Instructions for the task> The full listing should be written out verbatim, and its images should be dropped.
Data below Block Start
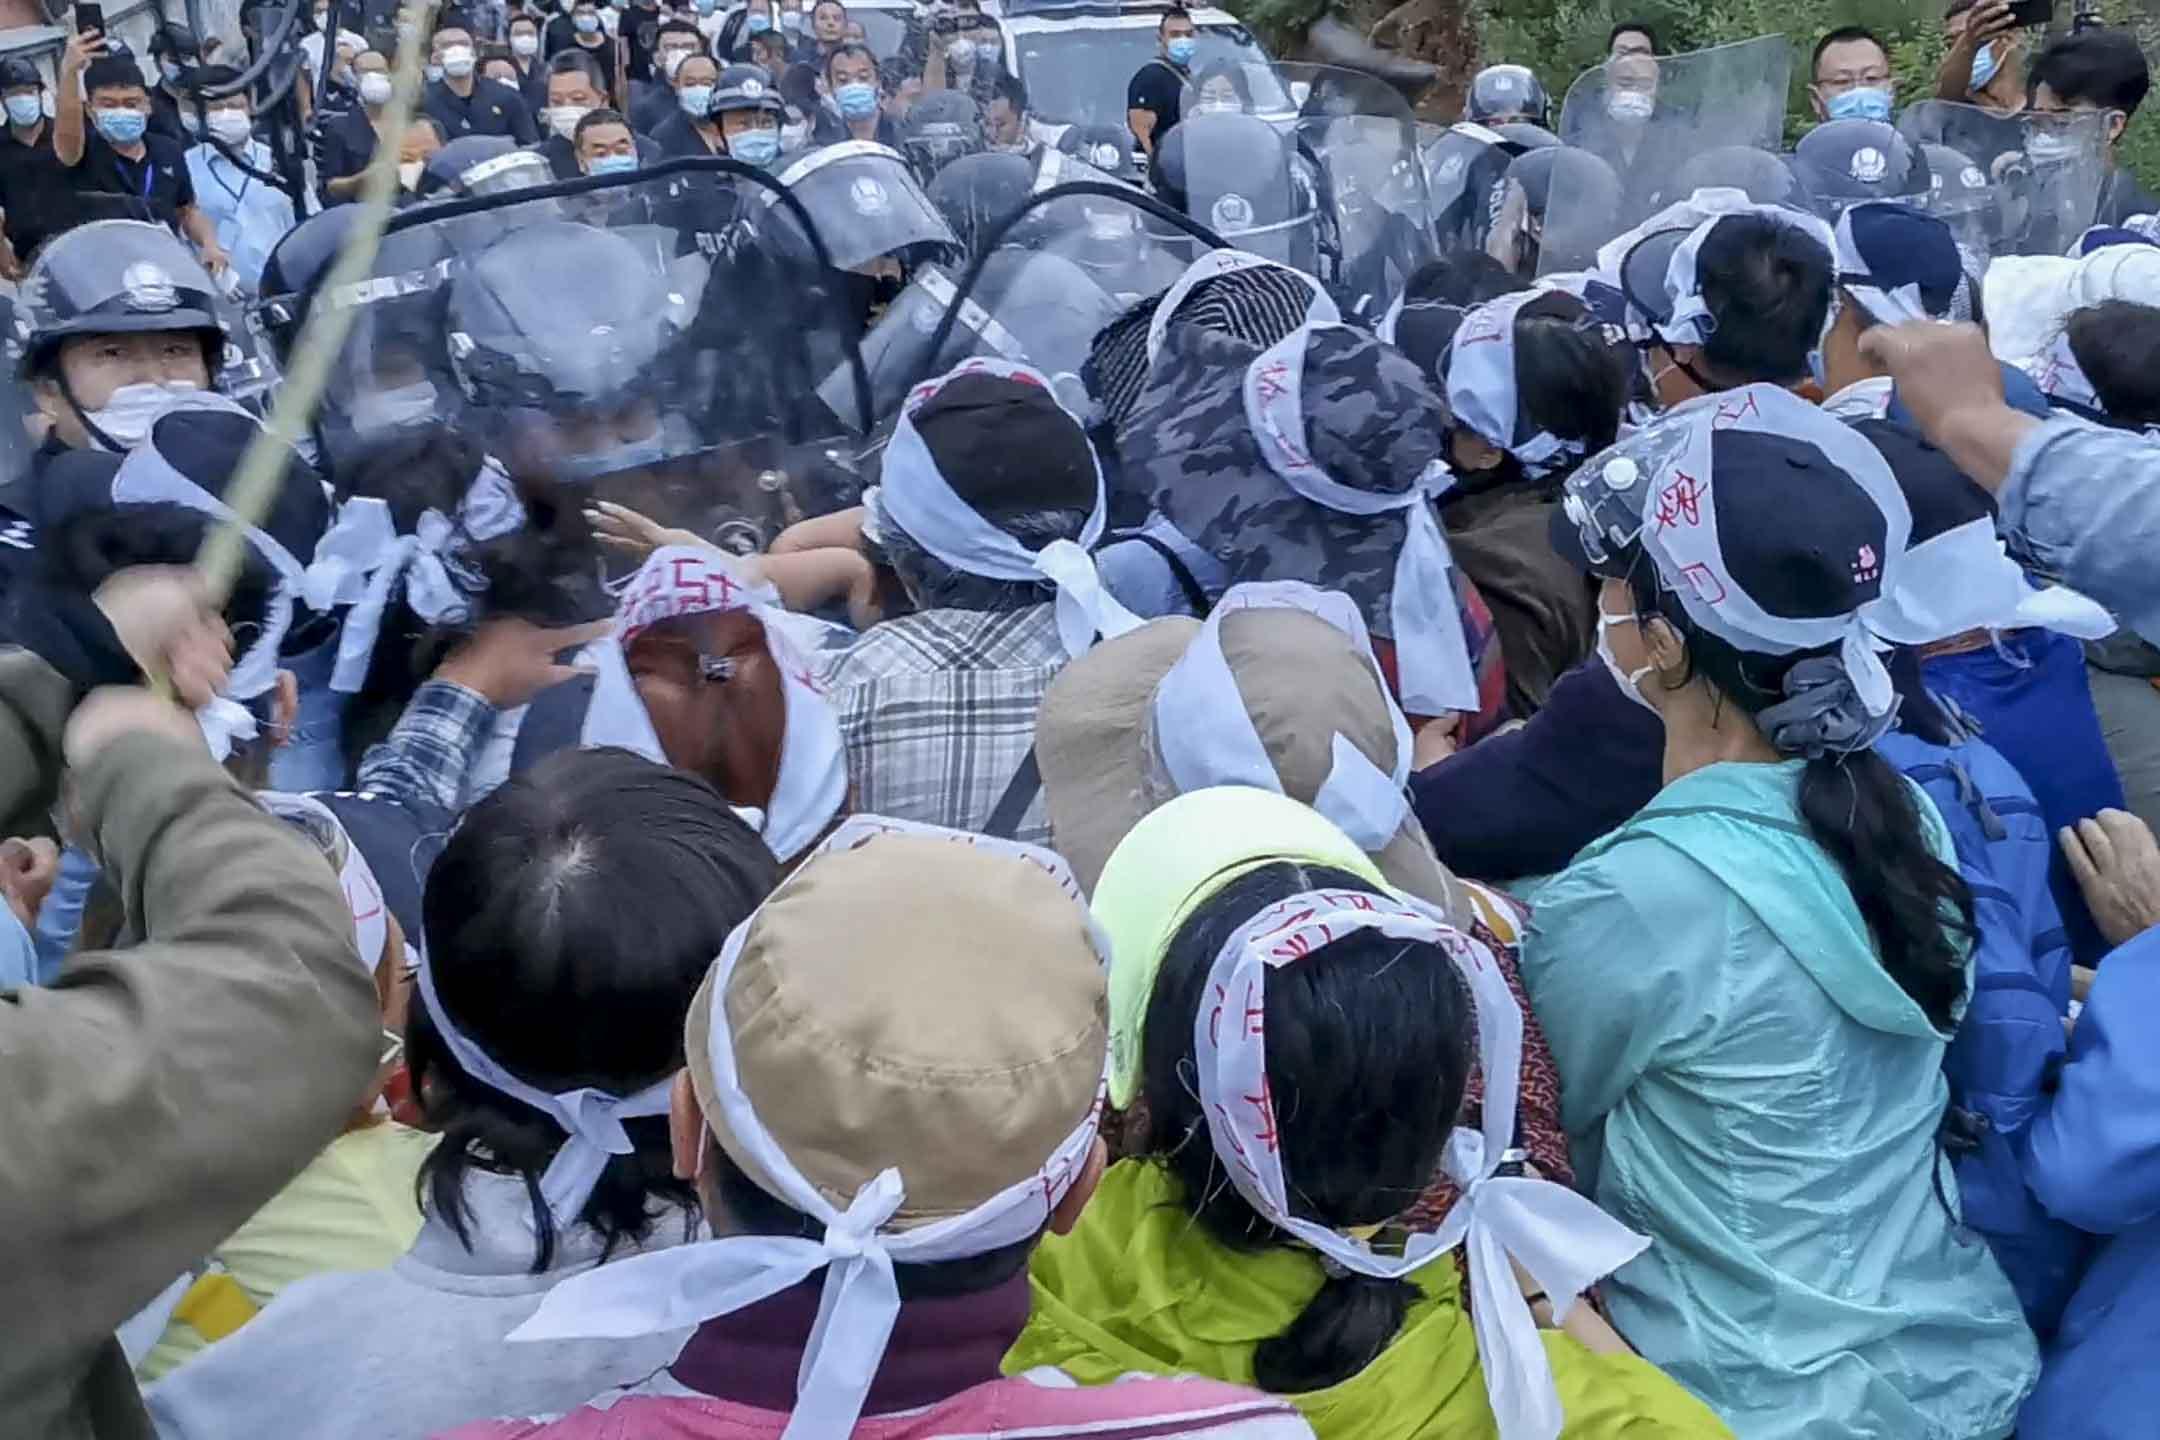 2020年6月29日,北京昌平區瓦窯村居民與防暴警察發生衝突。 網上圖片
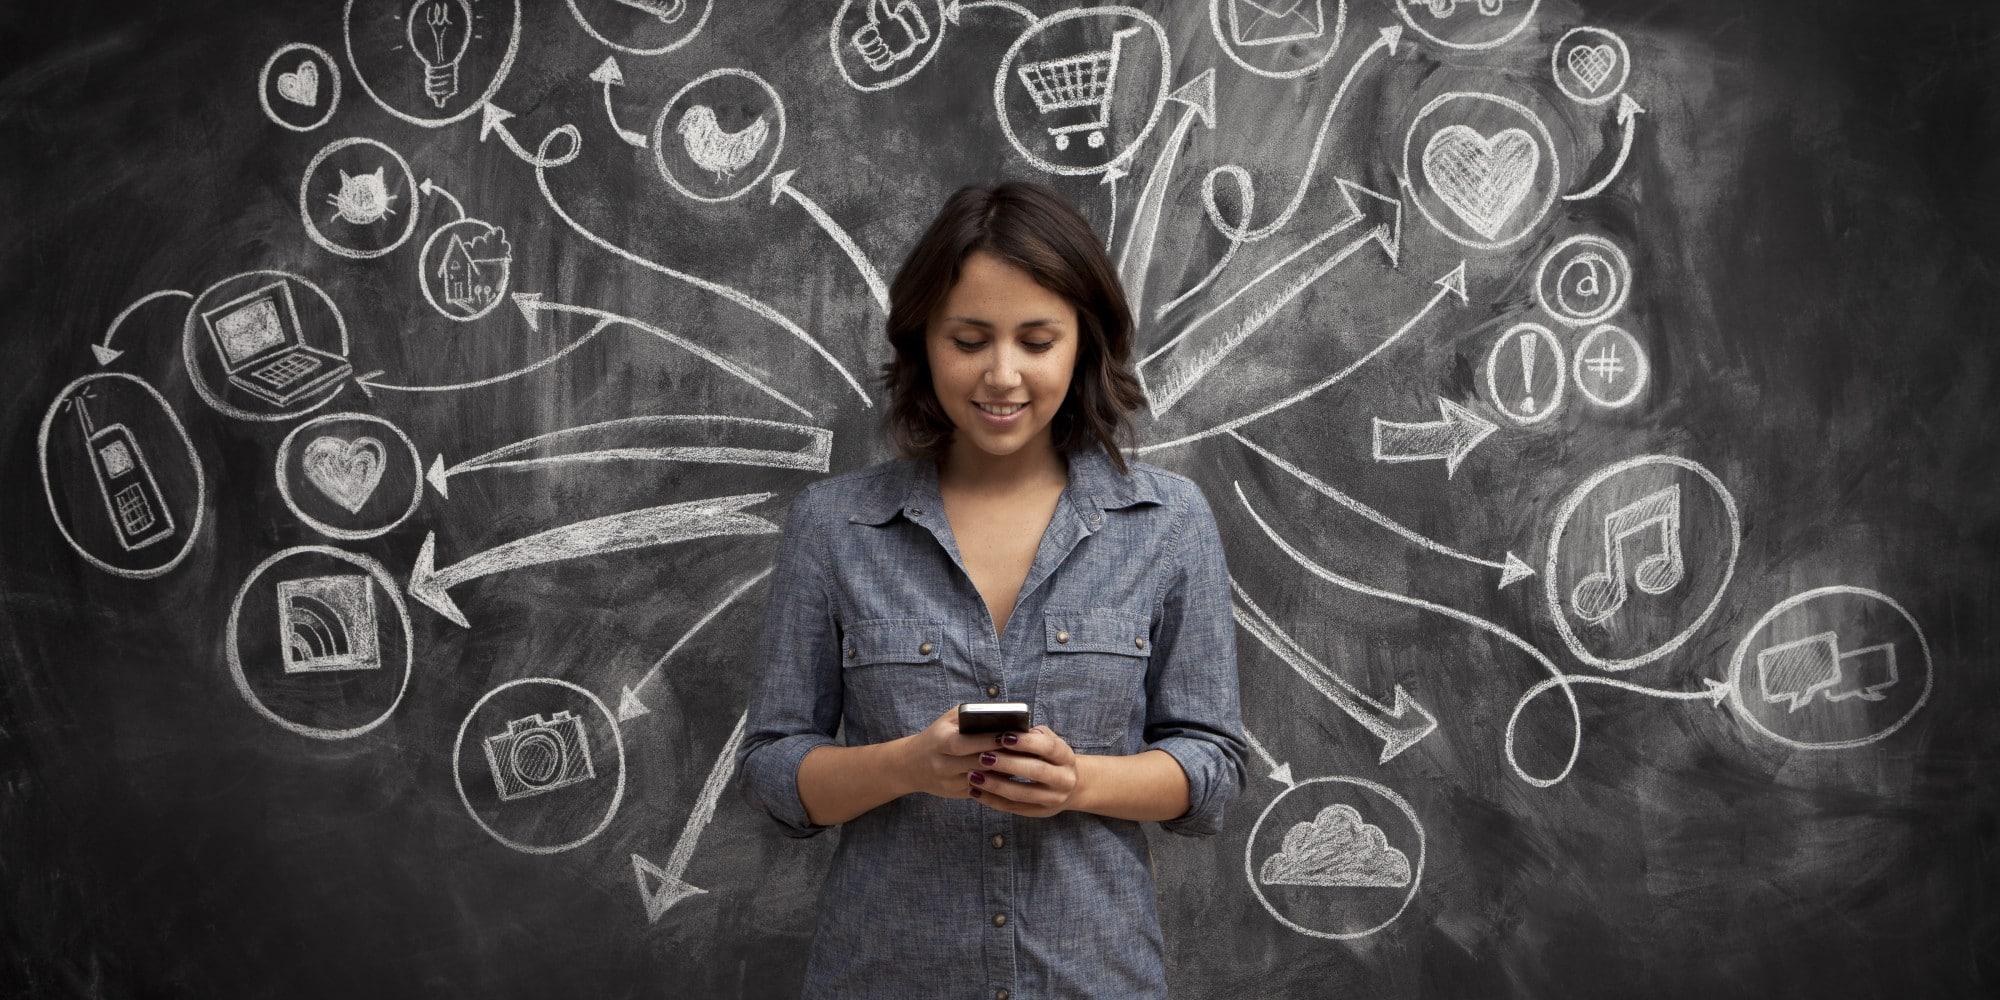 A nova fase da era digital e das mídias sociais
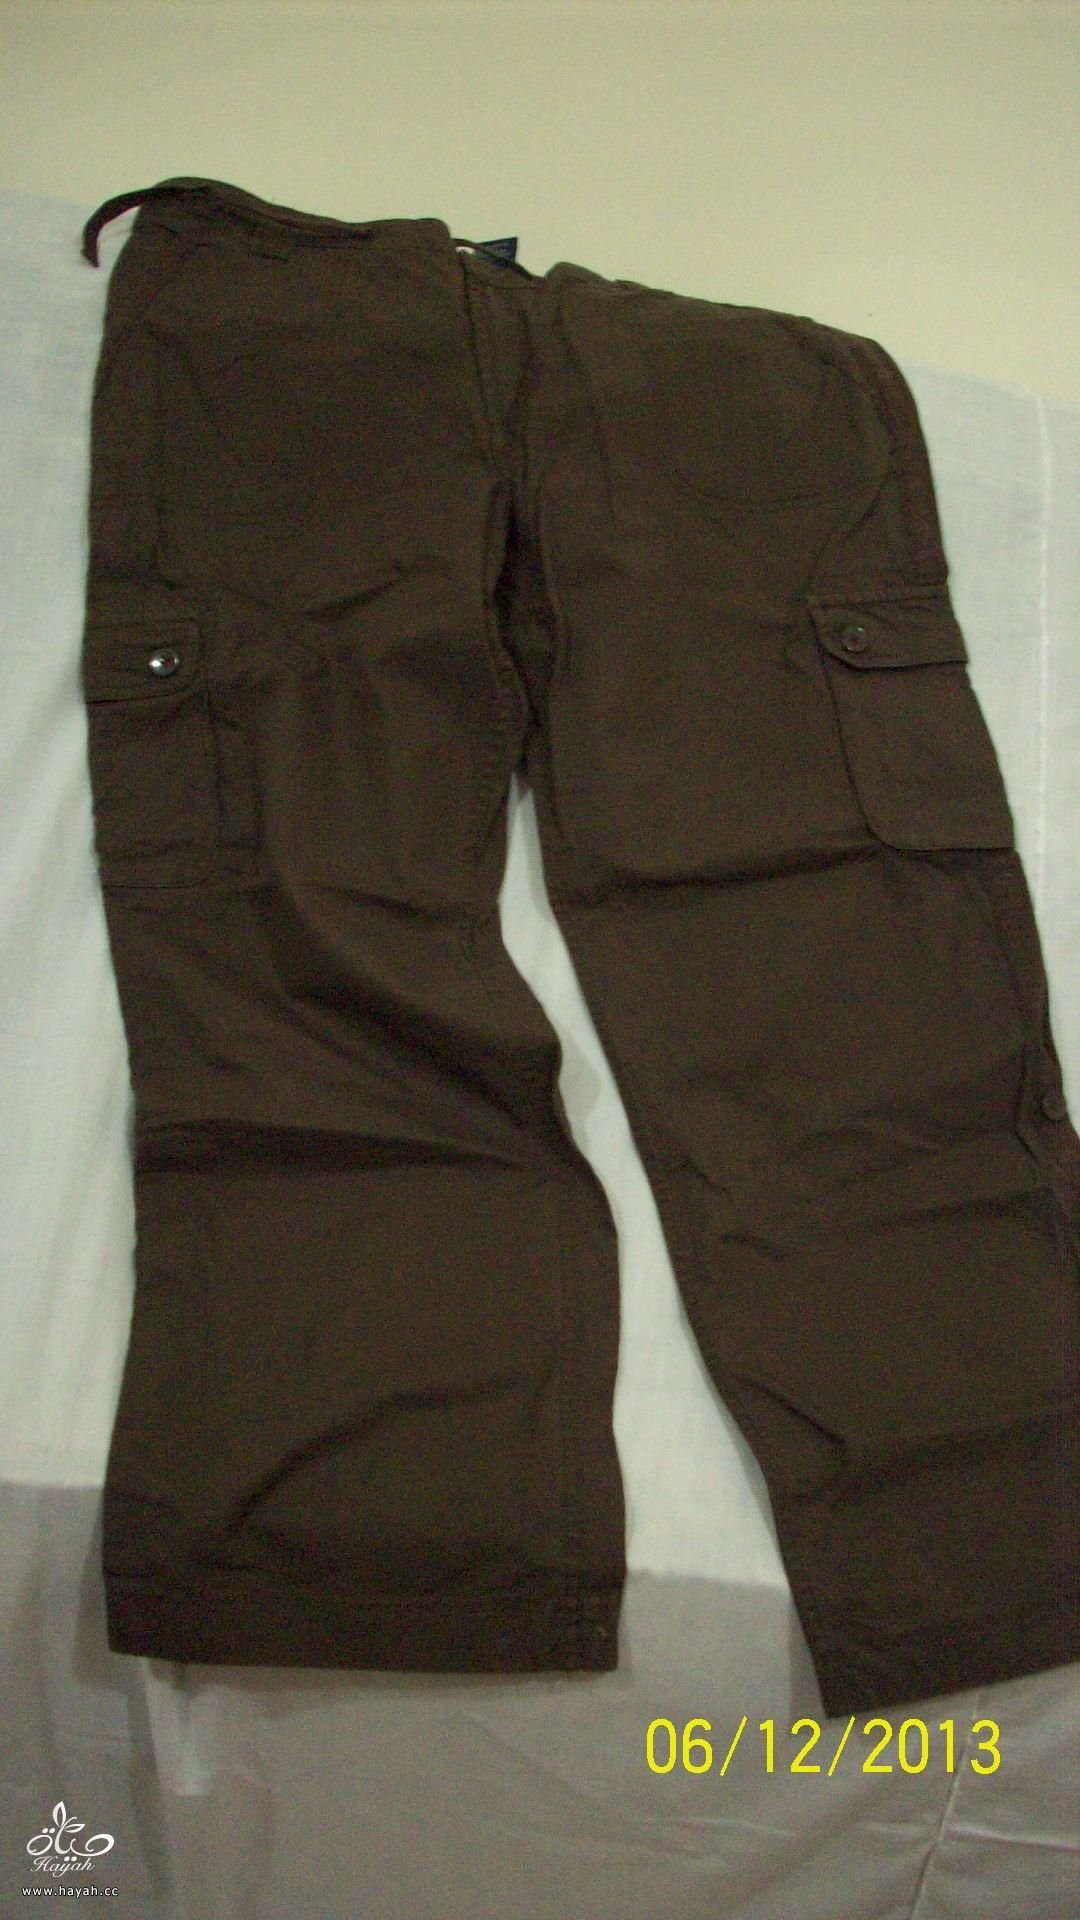 ملابسي - ملابس جديدة للبيع hayahcc_1389921713_801.jpg
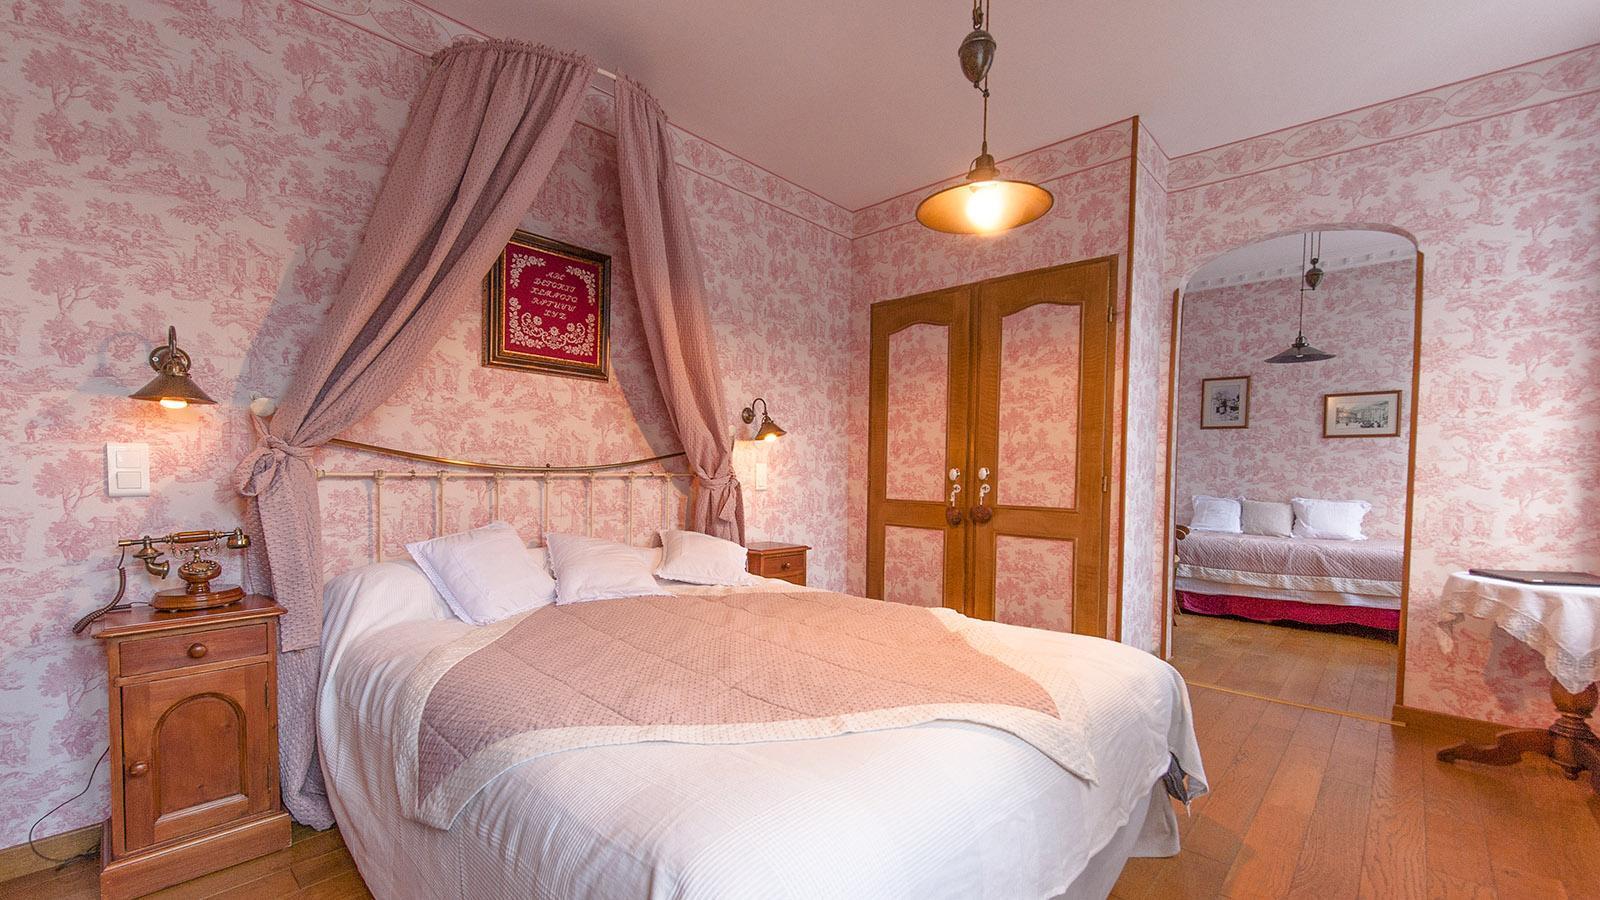 Cauterets: Komfortable Nostalgie: ein Gästezimmer des Hôtel Le Lion d'Or. Foto: Hilke Maunder
Data below Block End
Output of the exercise>
 2020年6月29日,北京昌平區瓦窯村居民與防暴警察發生衝突。 網上圖片
 A nova fase da era digital e das mídias sociais
 ملابسي - ملابس جديدة للبيع hayahcc_1389921713_801.jpg
 Cauterets: Komfortable Nostalgie: ein Gästezimmer des Hôtel Le Lion d'Or. Foto: Hilke Maunder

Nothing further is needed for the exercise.